An act of diplomatic triumph, strength, and growing U.S.-India friendship when the U.S.’s top diplomat, Anthony Blinken, announced, “I am designating Burma (Myanmar), the People’s Republic of China, Eritrea, Iran, the DPRK, Pakistan, Russia, Saudi Arabia, Tajikistan, and Turkmenistan as Countries of Particular Concern (CPC) for having engaged in or tolerated systematic, ongoing, and egregious violations of religious freedom.’ India is not on the list, which was recommended by the USCIRF, a rogue agency infiltrated by anti-India commissioners.

It goes back to April when I wrote that it is ‘the Concerned but Prejudiced Commissioners (the CPC) who labeled India a CPC which it is not. The announcement in Washington proves it and establishes that the state of violation of religious freedom in India does not warrant CPC. The Report had particularly noted the passage of the “religiously discriminatory” Citizenship Amendment Act (CAA) and that there was seeming police complicity in the Delhi riots. The exclusion of India by US Secretary of State Blinken from the list of CPCs also absolves India from any wrongdoing in passing the CAA (Citizenship Amendment Act) which, in fact, is similar to the U.S.’s Lautenberg law. India must remain guarded, however, because most of the USCIRF commissioners are still there.

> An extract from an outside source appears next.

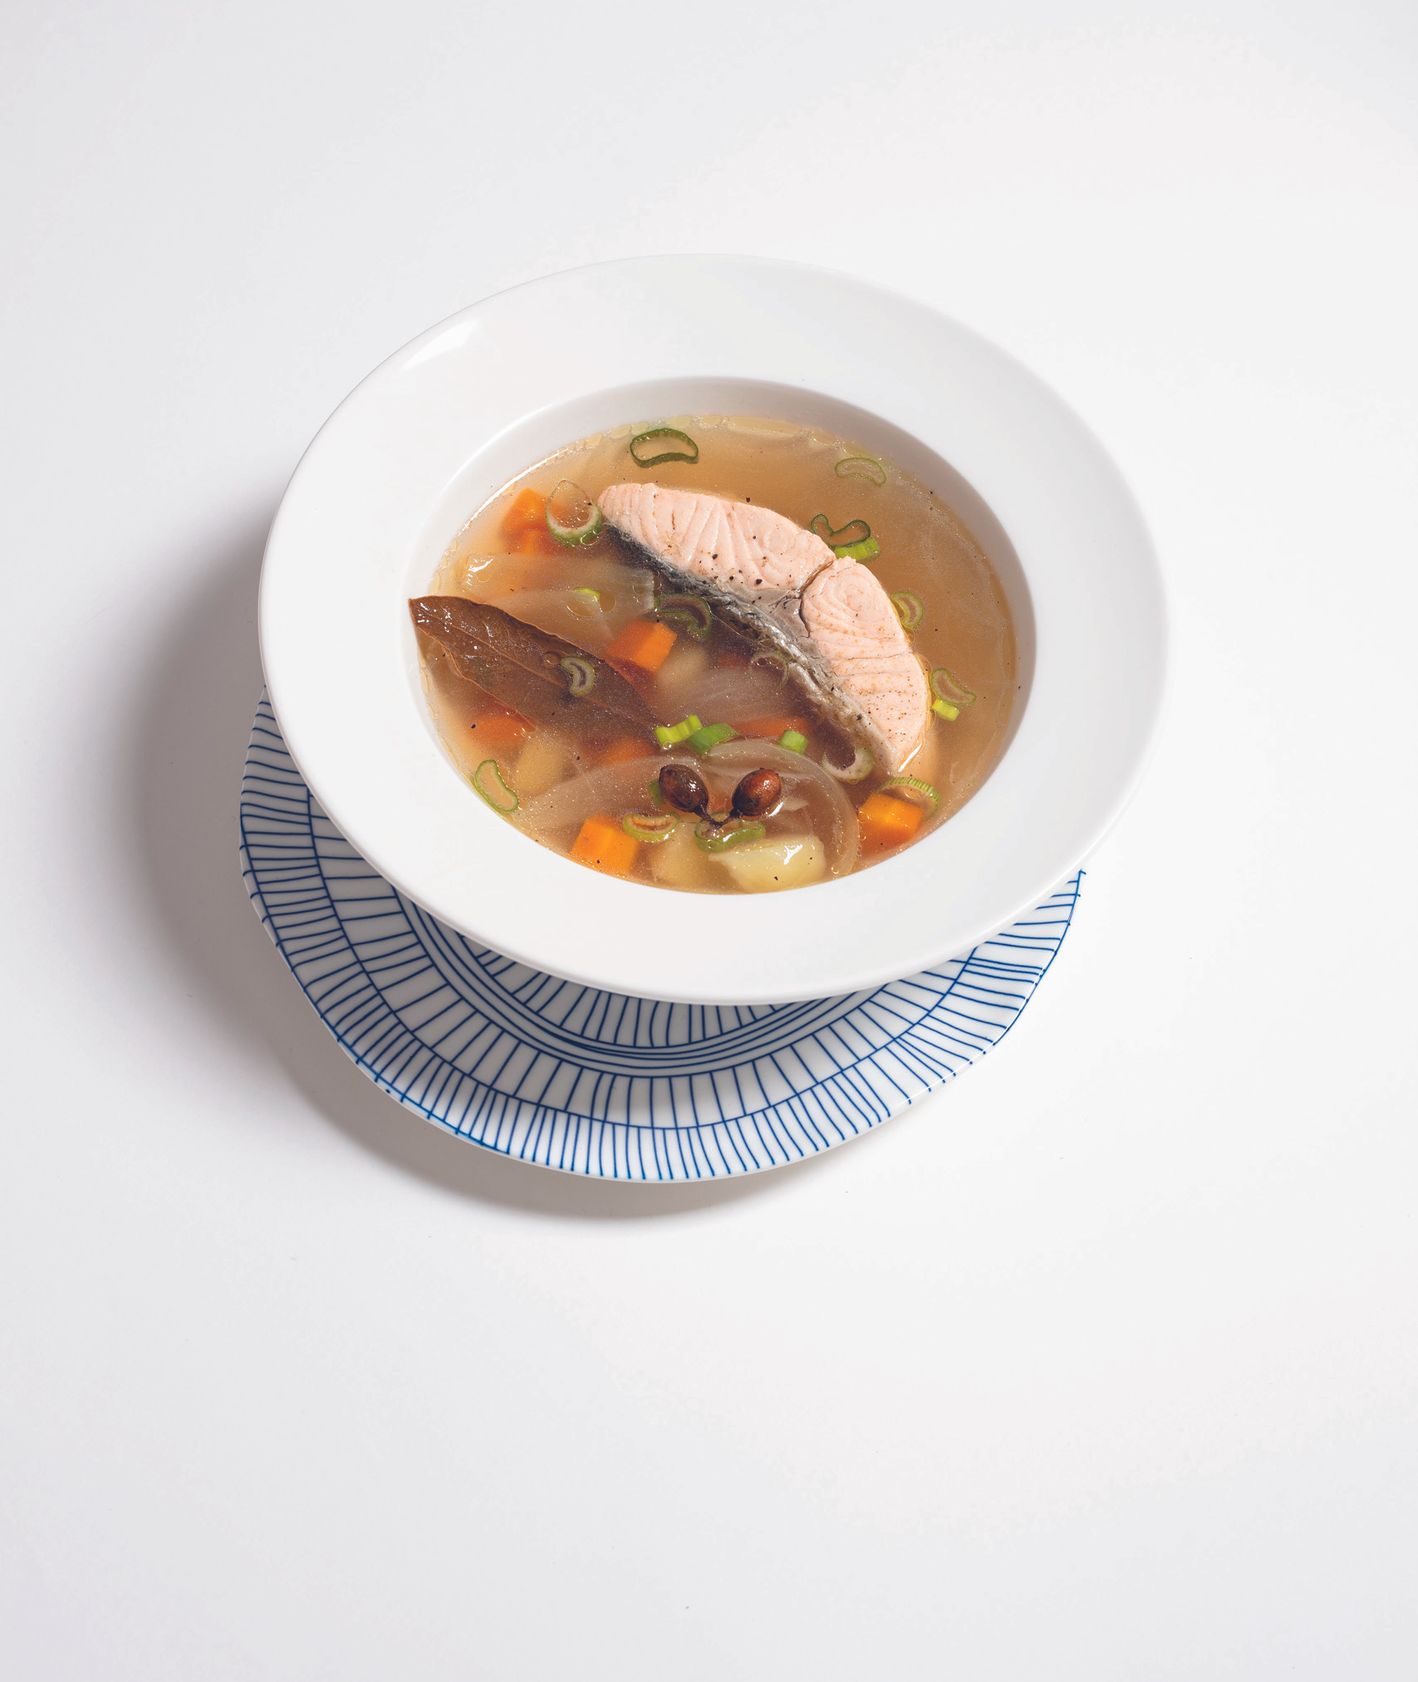 Przepis na uchę, tradycyjna kuchnia rosyjska, jak zrobić zupę rybną (fot. Jakub Stanek)

They must be collecting the news selectively and clandestinely in an attempt to label India a CPC because of the right-wing lobby and Western media. Let us hope my suspicions prove to be wrong when the next USCIRF report comes out in March/April 2022.

What changed? The first and foremost is Modi-magic when he visited the White House and developed good chemistry with President Biden. Modi’s friendship with Biden may not be as strong as with Trump yet but it is only the first year of Biden’s presidency. The invitation for India to be a part of the QUAD (Australia, India, Japan, and the U.S.) as a hedge against expansionist China is one of many indications that the U.S. friendship with India is strong. Add to it, multiple visits of high-level delegations to each other’s capitals and ongoing dialog for strengthening U.S.-India cooperation on many fronts- S&T, space, defense, environment, etc.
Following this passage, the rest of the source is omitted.